* What is required
Working through the data below, reproduce word for word the line with "bottomwear/jeans/PJPJ6045/pjpj6045-1.jpg" and every line after it, both ends included, and omit the pictures.

* Raw data
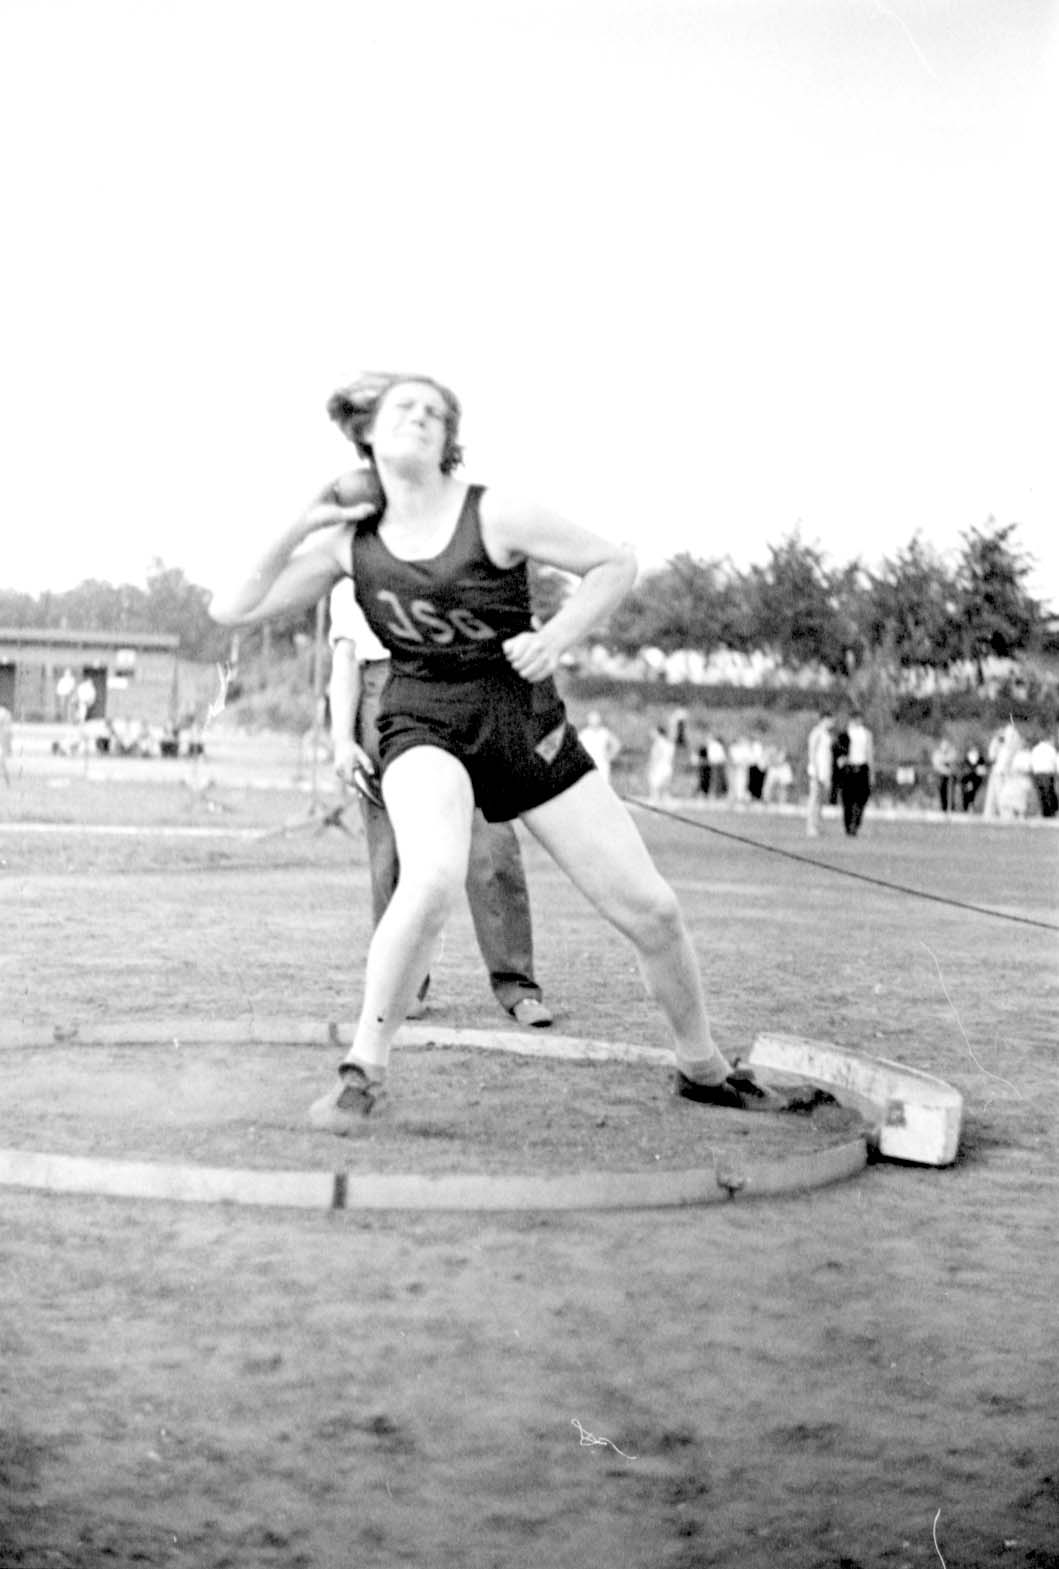 Berlín, Alemania, 4.7.1937, Ingeborg Mello, campeona de la competencia de lanzamiento de bala en un torneo deportivo judío
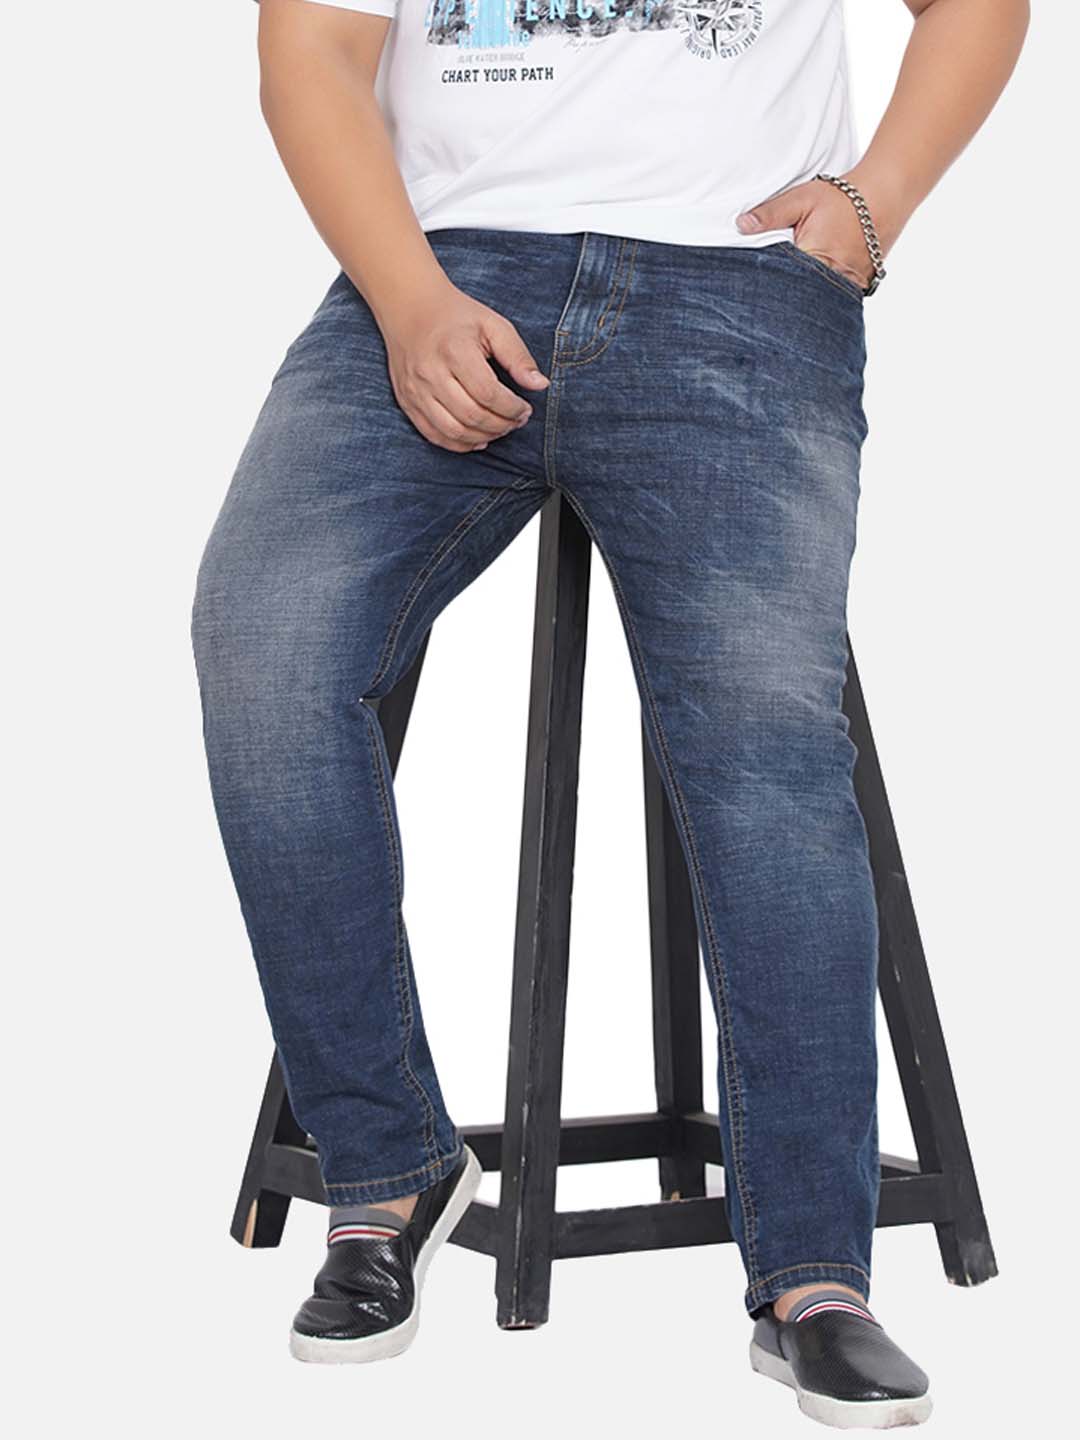 bottomwear/jeans/PJPJ6045/pjpj6045-1.jpg
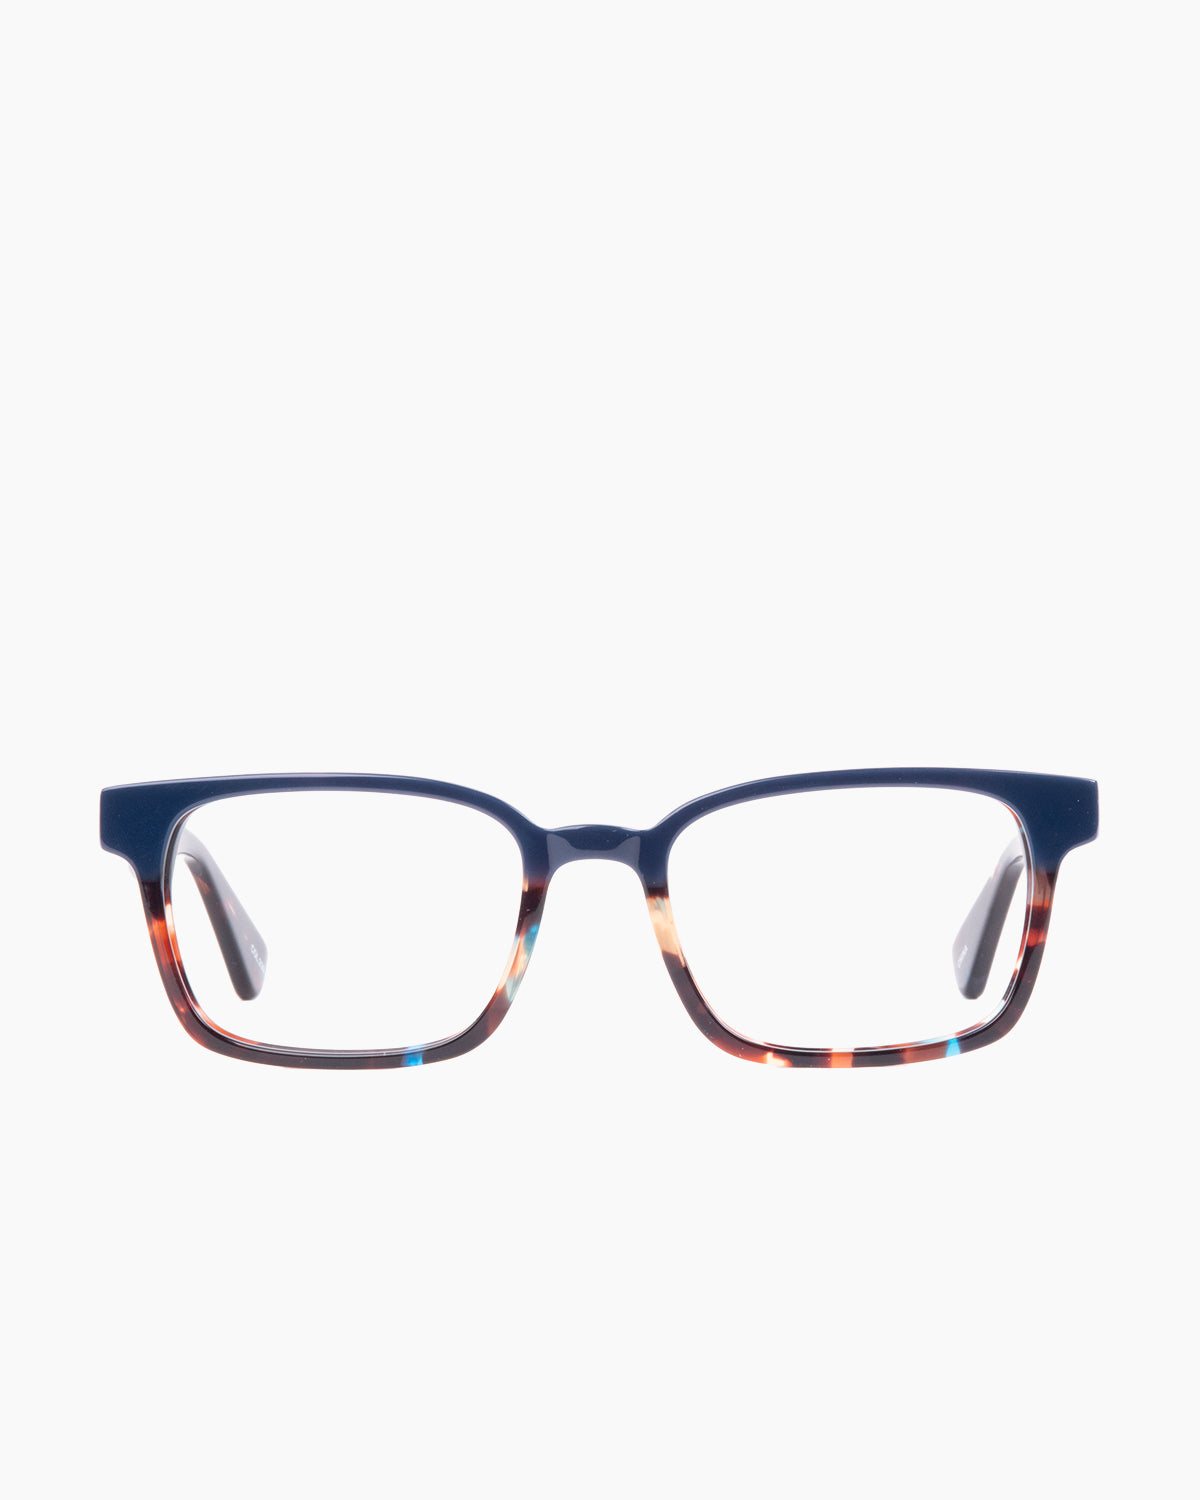 Evolve - Russell - 239 | glasses bar

* Solution to this task
 bottomwear/jeans/PJPJ6045/pjpj6045-1.jpg
 Evolve - Russell - 239 | glasses bar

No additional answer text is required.